Just to piss Chris off, I say unless you land it in the kayak it doesn't count. I guess YaknFlies gets the cobia wager. ;0)



I guess I'm never fishing close to shore so getting there with a fish on has never been an option.



Just a comment on the club thingy. I have beat the holy crap out of sharks and not made a dent in their ability to fight/bite.

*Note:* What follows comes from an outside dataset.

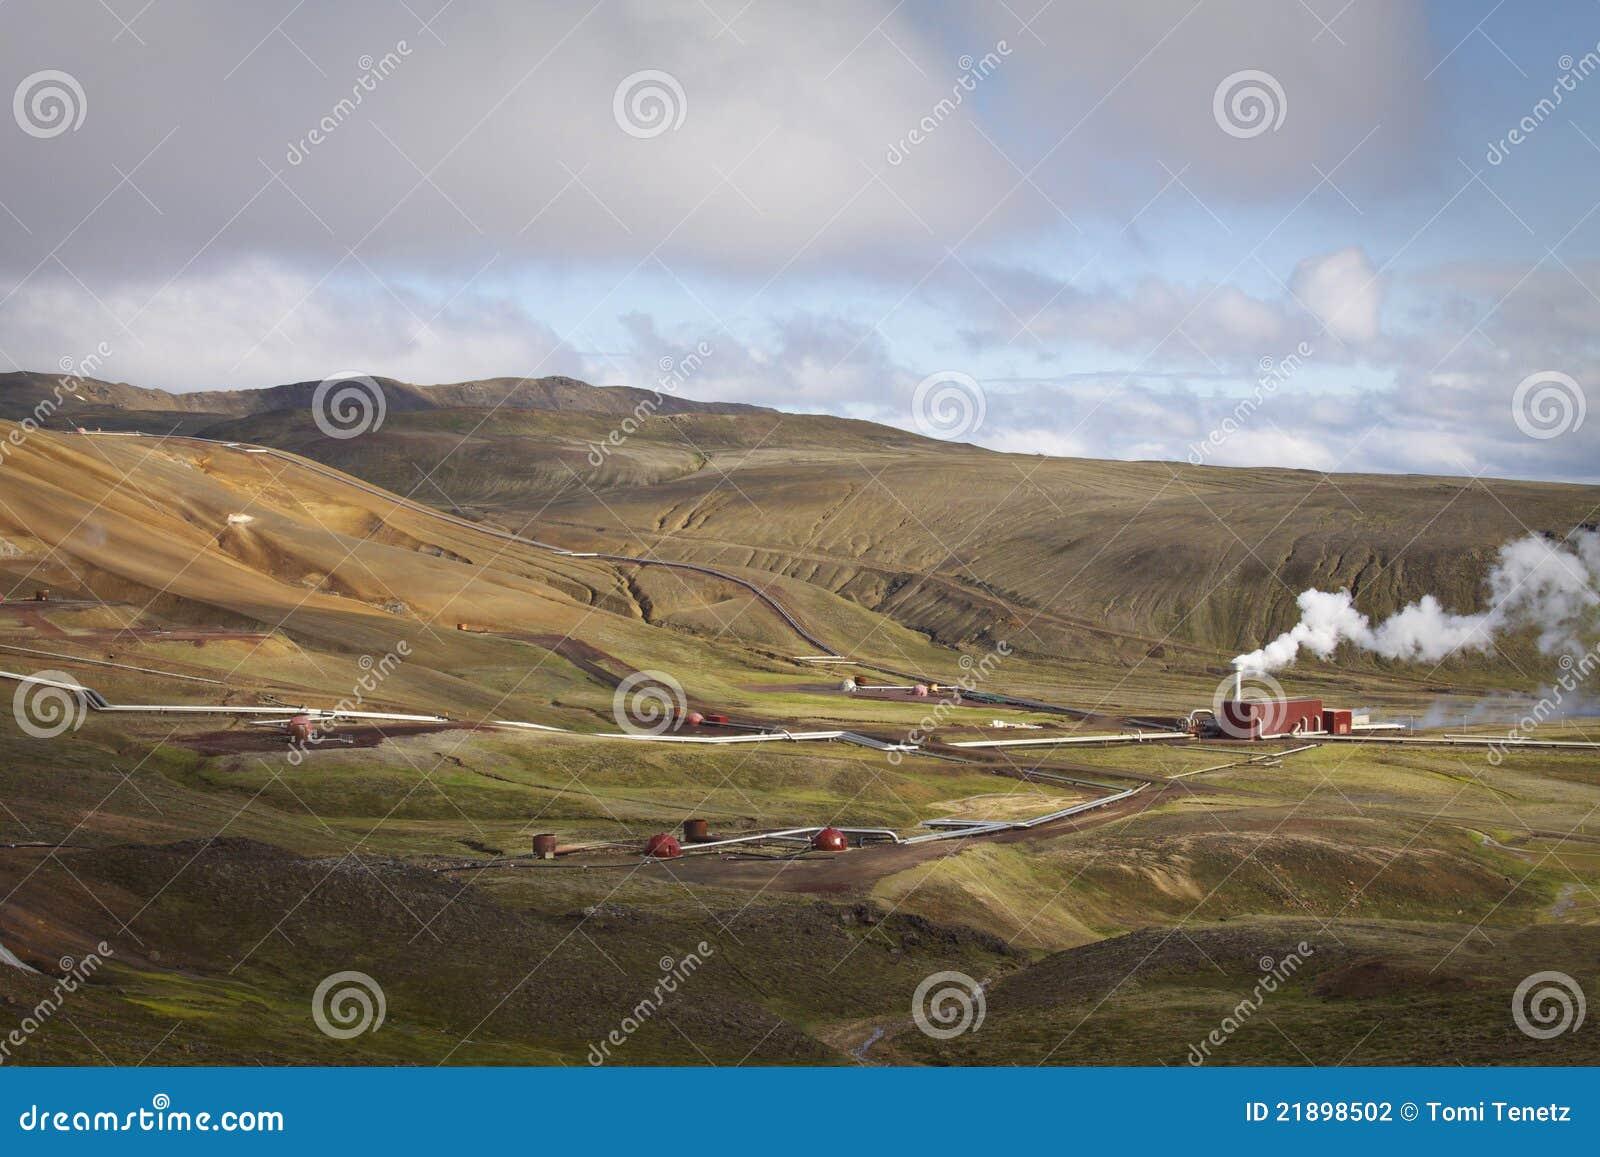 geothermische energie referat

Someone once told me that they used to carry a small squirt bottle of cheap booze. They would squirt it on the gills of a big fish and it would instantly knock them out. I've never tried it. It could be a hoax but given the blood flow thru the gills it kind of makes sense that it would act quickly to make them drunk.


----------



## [email protected] (Mar 20, 2008)

If I brought a squirt bottle full of booze offshore I would never make it back...it would be too tempting! You are right Ted...yakflies deserves the wager after reading the rules on that thread...As long as Team Mayhem wins everything Im cool with it!


----------



## captken (Feb 24, 2008)

If some of the things boozed up women have done to me are any indication of what might happen with a drunk fish, I dang sure ain't going the booze route.


----------



## Sharker (Aug 6, 2008)

GAFF and BEAT!!! Hasn't failed me yet


----------



## NICHOLAS (Oct 18, 2007)

That flying gaff is the way to do it on big fish that will give you a beating. On a big king I will gaff him in the gills and just hold him on the side of the boat to let it bleed down for a while. It works very good.


----------



## Chris V (Oct 18, 2007)

I too have heard or read the whole booze in the gills thing but haven't tried it and to be honest, never will. I've never been that afraid of a fish to start resorting to things such as "lets get them drunk first". This all sounds like the makings of a date rape, not landing a fish.


----------



## Jhoe (May 4, 2009)

> GAFF and BEAT!!! Hasn't failed me yet
> 
> 
> 
> Catch, Tag, Release! [USA FLAG]




that made me laugh


----------



## Sharker (Aug 6, 2008)

LOL, well played, that only applies to sharks


----------



## illforwill (May 26, 2009)

i will usually just gaff the fishclose to the peck finand gills andsling them in the bow unless its a 30# plus fish thenthe decision will be made on the spott nut i not scared of taking a beating unless its from a cob they can do some damage


----------